When asked to appear on the show, Stephen Colbert believed that he was merely going to an audition, but was "thrilled" when the production staff told him he actually had a part in the episode. Colbert was pleased that his character was named Colby and that his appearance was similar to that of his own, although he had not expected the animators to retain his glasses for the design. He based his performance on Tony Robbins, and described the recording sessions as "the hardest job."

==Cultural references==
While in Chicago, Mr. Burns and Homer walk into a salon called "Ferris Bueller's Day of Beauty" in a reference to Ferris Bueller's Day Off. When they exit the salon, they are dressed as Ferris (Burns) and his friend Cameron (Homer), respectively. Lionel Richie sings "Say You, Say Me" on the flight. He makes it about beer at Homer's requests. The two titles, when changed, are "Hey You, Beer Me" and "Beer Beer, Beer Beer," the latter of which Homer forgets the words to. Mr. Burns and Homer catch a show at the real-life Second City Theater. Both Dan Castellaneta and guest star Stephen Colbert were members of Second City early in their careers. The episode's title is a reference to Delta Air Lines' 1987 slogan, "We love to fly, and it shows."

==Reception==
The episode averaged 9.7 million viewers and a 4.7 overnight Nielsen rating and a 12 percent audience share. The episode had the highest demo ratings of any Simpsons episode since "The Wife Aquatic", which aired January 7, 2007.

Brian Tallerico of UGO gave the episode a C (a mixed review), expressing disappointment after the well received The Simpsons Movie. He felt the writers went "right back to their old clichés and sadly repetitive jokes", though praised the altered opening sequence.
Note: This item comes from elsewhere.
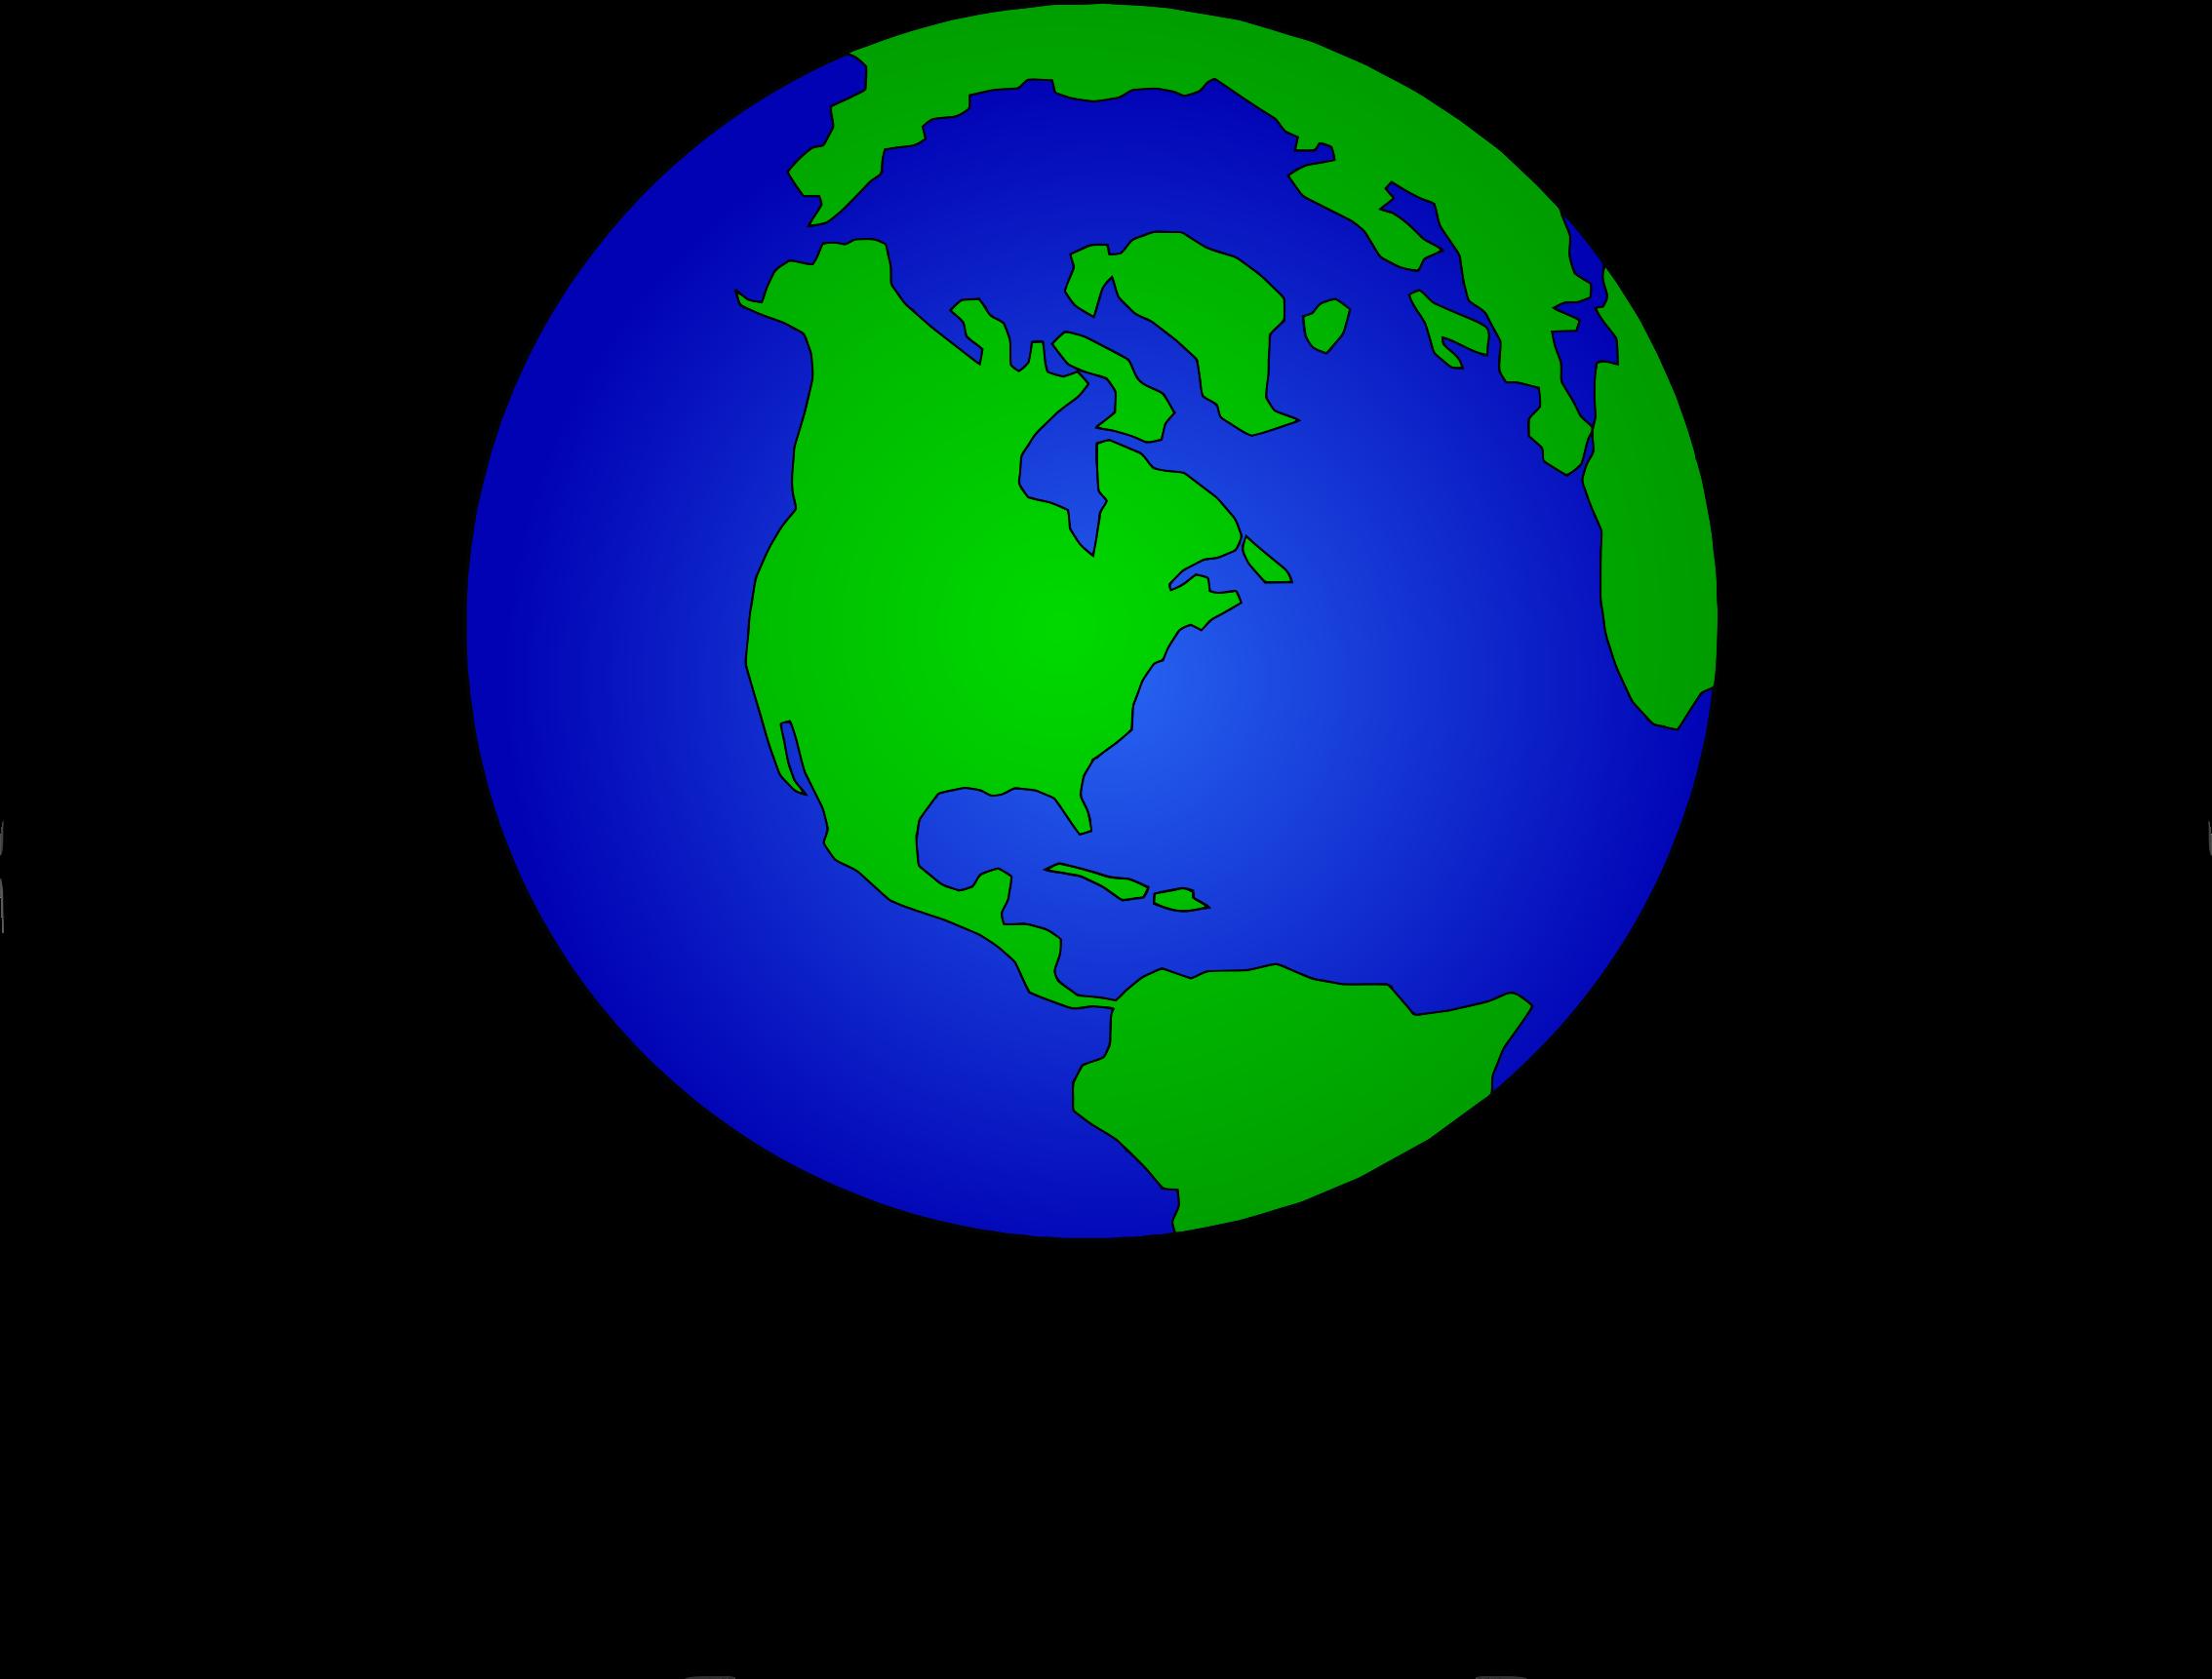 20 America clipart globe for free download on Premium art.

Robert Canning of IGN also gave the episode 5/10, praising the opening sequence but found most of the episode mediocre, especially Stephen Colbert's appearance. Nonetheless, "even a mediocre episode will have a few comic gems hidden inside. The time spent in Chicago is quite enjoyable, including a great Ferris Bueller sight gag, and life coach Colby delivers a zinger of a line comparing Homer's attitude to that of the United States of America."

Richard Keller of TV Squad praised the episode, saying "after watching so many recent ones where Homer seemed like a barely functioning mental patient, I wasn't used to a Homer that was actually fairly normal." Al Jean, the current executive producer of The Simpsons, has called the episode one of his personal favorites.

Prefix Mag's Andrew Martin named Lionel Richie his ninth favorite musical guest on The Simpsons out of a list of ten.